Fairtrade Cotton- What does it mean? Why is it important?

Fairtrade Cotton- What does it mean? Why is it important?

Have you ever wondered where your favourite chocolate snack or treasured sweater comes from? Farming crops such as cocoa for our chocolate, cotton for our clothing and coffee beans for our caffeine obsessions, provides the livelihood for millions of hardworking farmers living across the world.

In fact, there are over 1.1 billion workers in the agricultural sector worldwide but unfortunately, nearly half are severely underpaid, exploited, and under serious health threats due to their working conditions.

Buying Fairtrade is a way for you as the shopper to make a big difference in the lives of the people who produce everything that we depend on. But how does Fairtrade actually work and why is it important?

 

The Effects of Unfair Trade

Poverty

Rice farmers in Ghana, cotton farmers in west Africa, coffee farmers in Brazil and many others around the world, are trapped in poverty as they struggle to provide a living for themselves and pay for education and healthcare for their loved ones. 

Within the cotton sector in India alone, hired workers receive on average 3.2 AUD/day, which is only 41% of the living wage. Family workers are lucky to receive 6.25 AUD/day.

Many factors contribute to the poverty of farmers around the world.
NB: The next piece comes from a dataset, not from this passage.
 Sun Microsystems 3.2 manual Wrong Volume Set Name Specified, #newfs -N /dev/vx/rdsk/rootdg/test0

One major source of stress for cotton farmers in particular, is the debt they find themselves in when using genetically modified (GMO) seeds which are sold to them through middle men and which then require the further purchase of expensive inputs such as chemical fertilizers and pesticides. 

 

These considerable extra costs pile pressure on these already economically-poor farmers. This has been linked to a high rate of cotton farmer suicide as they are left with insurmountable debt. In India alone, 270,000 farmers have committed suicide since 1995.

 

Cotton Farmer Suicides in India

 

Child Labour

Due to such financial struggles, many families pull their children out from school to work on farms and in factories. According to the International Labour Organizations, 218 million children between the ages of 5 and 17 are in employment. Among them, 152 million are victims of child labour and almost half of them (73 million) work in very hazardous conditions.
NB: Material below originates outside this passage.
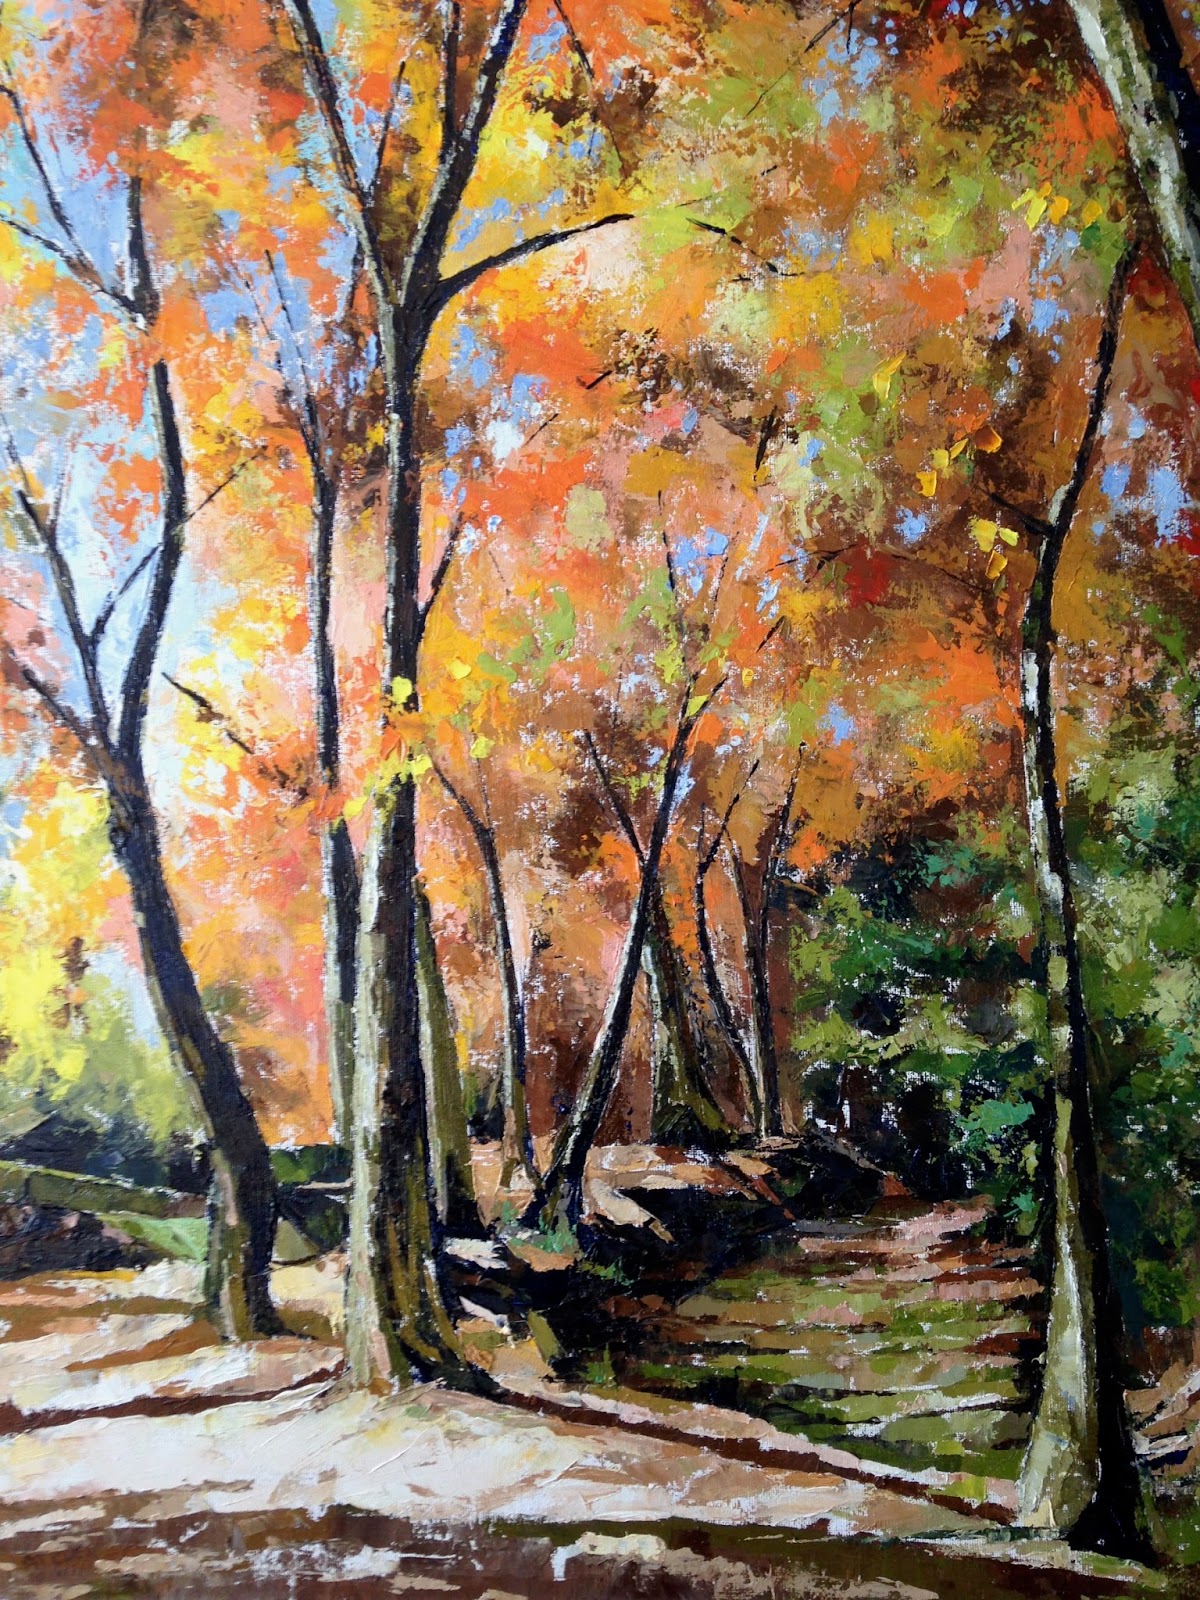 xichen automnei peinture paysage theartcycle photo_principale.jpg The Art Cycle

Child labour is most prevalent within the farming industry, accounting for 71% of all child labour. A further 17% lies in services and 12% in the industrial sector which includes fabrication and mining. As prices of produce rise and fall, families are stuck in a cycle where they cannot afford to keep their children in education which inevitably contributes to the cycle of poverty.

 

Hazardous Work

Farmers and industry workers are particularly vulnerable to dangerous working conditions such as unsafe machinery, a lack of protective equipment/clothing and the handling of toxic chemicals. 

In a report published by the UN Food and Agriculture Organization (FAO), the UN Environment Programme (UNEP) and the World Health Organization (WHO), an estimated one - five million cases of pesticide poisoning occur each year, often resulting in death.

The report stated that “Although developing countries use 25% of the world’s production of pesticides, they experience 99% of the deaths due to pesticide poisoning”. This staggering figure relates to the lack of safeguards and often absence of them altogether.

 

Environmental damage

Under pressure to produce more and more, farmers often turn to increased chemical pesticide use (moving away from traditional farming methods such as crop rotation and intercropping). This results in dangerous chemicals seeping into delicate ecosystems, poisoning water systems and decreasing soil fertility over time. 

Natural habitats are destroyed to clear land for increased agriculture demand, a prime example of this would be the expansion of palm oil plantations in Indonesia which is destroying natural wildlife and threatening the orangutang population.

 

Global Cotton Industry 

 

Gender inequality

Amongst many other areas of gender inequality in the agricultural industries such as harassment and sexual abuse, there is a huge disparity in pay between men and women. 

According to the International Trade Centre (ITC), women account for 70% of worldwide cotton planting and 90% of the hand-picking, yet the average income for women is only 78% of that of their male counterparts.

 

The Benefits of Fair trade

The vision of the Fairtrade Foundation is to have “a world in which all producers can enjoy secure and sustainable livelihoods, fulfil their potential and decide on their future”.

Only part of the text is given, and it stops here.